We got together for the Hack4Hummanity Hackathon during the World Humanitarian Summit in Istambul. We worked with Bernard Kowatsch, Andrea Amparore and Hila Cohen from the World Food Programme (WFP). Together we outlined key challenges faced by their organization and small producers, focusing on problems caused by asymmetry of information.

CropCart solves the asymmetry of information between small scale food producers and local traders in developing countries. This asymmetry is particularly prominent among refugees who turn to farming in foreign environments, and are therefore at the mercy of experienced traders who exploit their lack of knowledge of the market prices, patterns and organization. Nonetheless, the solution can be implemented in many other contexts.

Problem Statements

1. Producers have no access to updated market prices, and therefore do not know what is a “fair price” for their produce. Traders often offer a very lower price to keep most profit margins for themselves. Producers also lack information regarding the quality of their produce, and therefore do not know what 'quality bracket' they fall in.

2. Current data collected by local authorities takes 3-4 days to be gathered and distributed, resulting on producers having to deal with outdated and geographically inaccurate data. The data is often misleading since some governments don't use statistically proven methods or rely on biased sources.

3. No analytics are performed on the few data from local farmers being collected by authorities. This does not allow the WFP to define a better strategy for tackling their food issues.

4. Producers often travel long distances to sell their products at markets. When they get there, traders know they have traveled and offer a lower price than expected or than announced at the radio. Producers have to accept though, otherwise they will have to return empty handed and their product might rot.

5. Traders have to travel to many locations to meet producers and buy their produce. This results in a lack of efficiency in many of their processes.

Prototype 'Hacked'

Trader App: This allows traders (buyers), like Sam, to publicize a request for commodities from local farmers, like Johnson. Sam sets the produce, amount, prince range, quality standard, location and time requirements he is looking for the exchange. This request will then be seen by Johnson, who will then send a request to sell to Sam. Sam will then see that he has a request on the App, and he can decide to reject it, or accept it and place a deposit for the purchase. This deposit prevents Sam from taking advantage of Johnson's travel. When the final exchange takes place, Sam will be able to enter the final price and conclude the transaction. Now Sam can better manage his purchases, keep track of his commitments and be more efficient.

Producer SMS Interface Local farmers, like Johnson, will use this interface to interact with our system. Johnson will, in natural language, type a message with the details of what he wants to sell. The message will be processed using Watson Dialog and our system will make sure the local farmer has provided all the information needed for an exchange process. After the data in confirmed, Johnson will see a list of nearby traders willing to buy his produce. The list will include price range information and the average market price for comparison. Johnson will also get a text message with information about the quality of produce he is trying to sell. Now Johnson has a tool to access information about the market price, local traders, and product quality bands. Refugees willing to get into farming will now face one less barrier of entry.

World Food Programme Dashboard All the data inputted into the Trader App and the Producer SMS Interface will be stored in a WFP database. Using dashboarding software and IBM Watson Analytics, the WFP will be able to get valuable insights. For example, how far people travel to sell, who are the most important traders for each product and how respectful are traders being of initial agreements. This will allow them to do actions like identifying food routes that need support, contacting important traders and remove repeatedly negligent traders from the system.

What's next for CropCart

- Develop the prototype into a Minimum Viable Product (MVP) and deploy it on IBM Bluemix.

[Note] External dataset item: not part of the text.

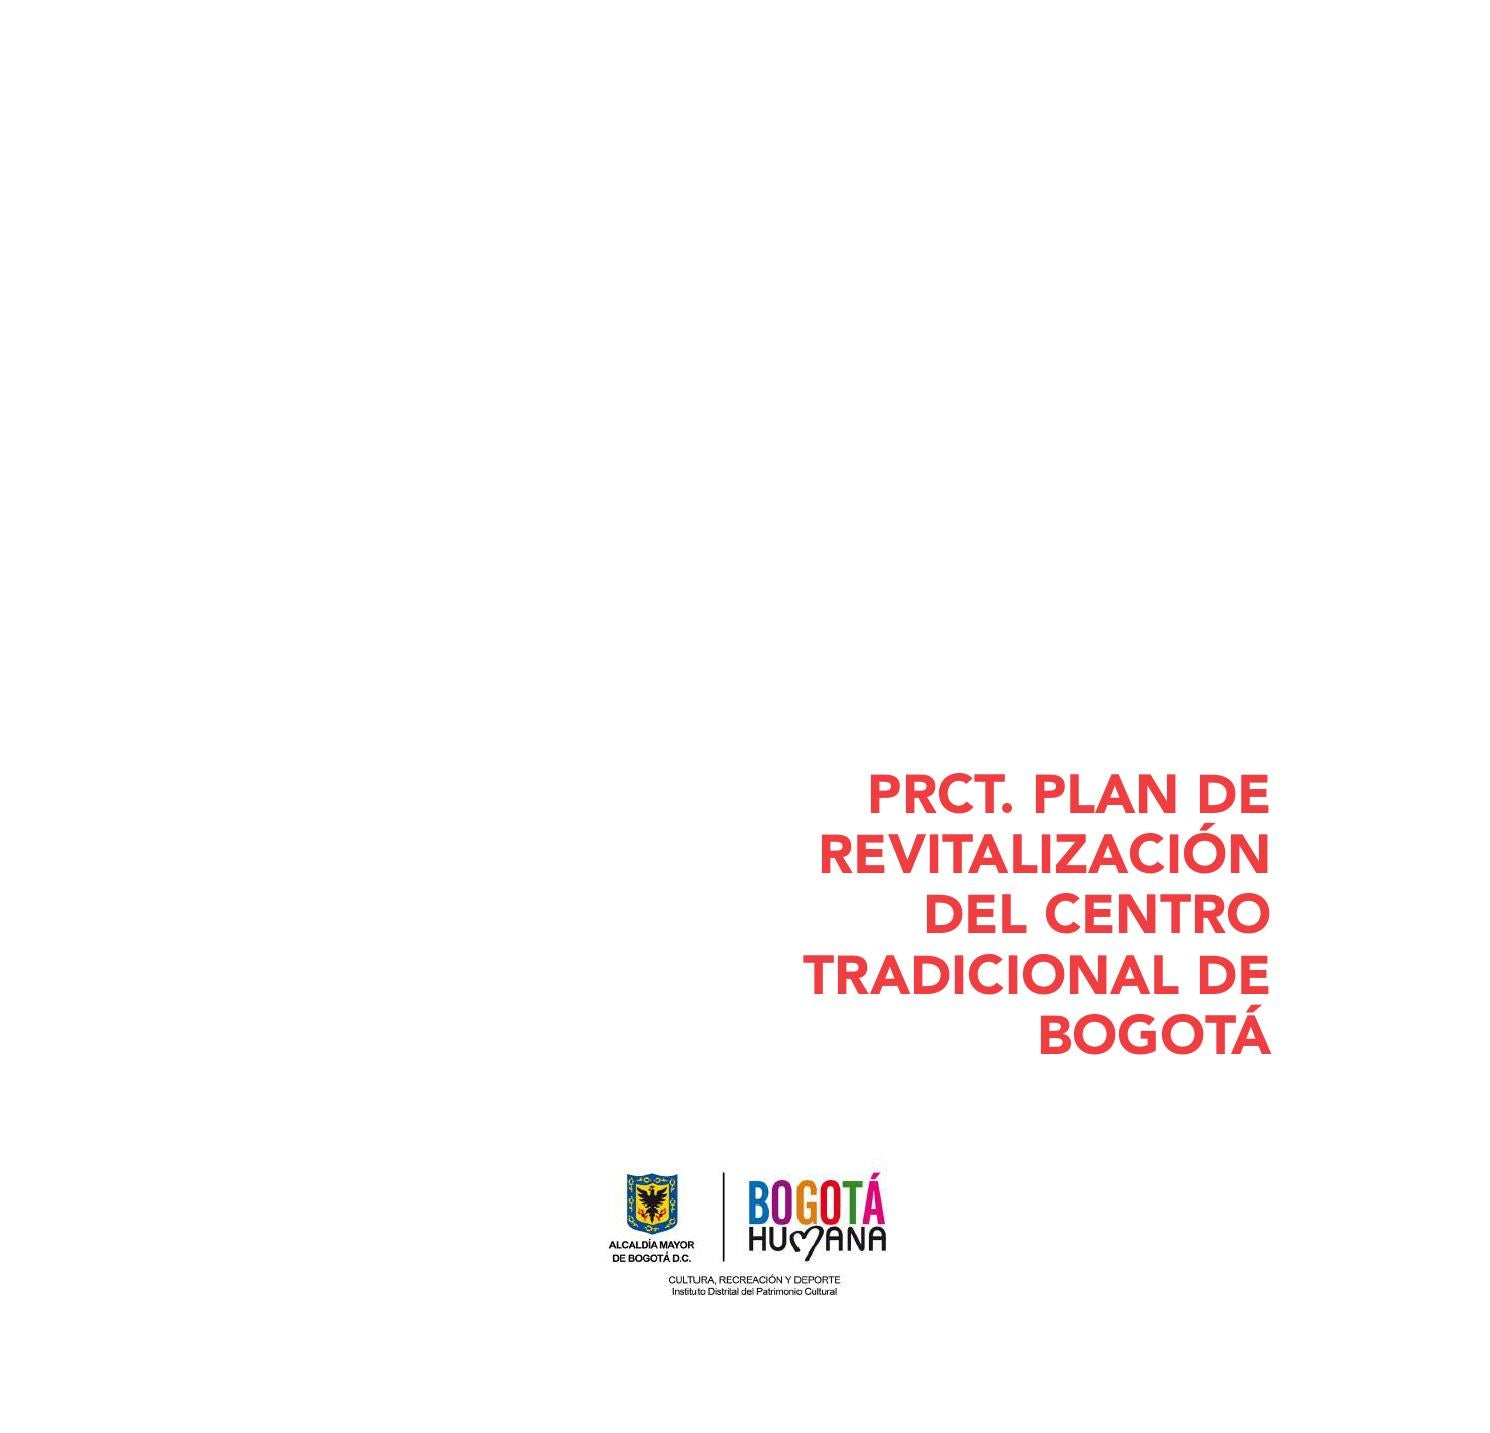 Plan de Revitalización del Centro Tradicional de Bogotá by Carmen Gª del  Salto Sánchez - issuu 060f1b46c62

- Find a mobile payments partner, similar to M-Pesa: to process payments between producers and traders using phones.

- Continue the discussion with the World Food Programme to bring in their expertise and resources, if they wish to contribute further.

- Field test the MVP in developing countries to test growth model, adaptability and scalability.

- Gather feedback from users and get them engaged with the App model to generate buzz.

Business Growth

- Users will be able to use the service free between 2-4 months, depending on the specific harvesting trends.

- After that users will have to pay as small monthly service fee ($1-2) to keep using the system in full and get access to all the analytics brought to them by Watson.

- If users that don't pay the service fee, functionalities will be limited. For example, producers might only be able to see a maximum of 3 traders nearby, as opposed to a the full list.

- Users would hopefully now see the benefit of $1/month and subscribe to the service after 4 months of usage.

- Once usage picks up more data and insights get generated by the system, there will be potential to further monetize this by selling data insights to third parties.

- Our service needs to first grow on the trader side, and then on the producer side. We expect both to grow mostly by word of mouth once we hold workshops with key people in certain geographies about the benefits.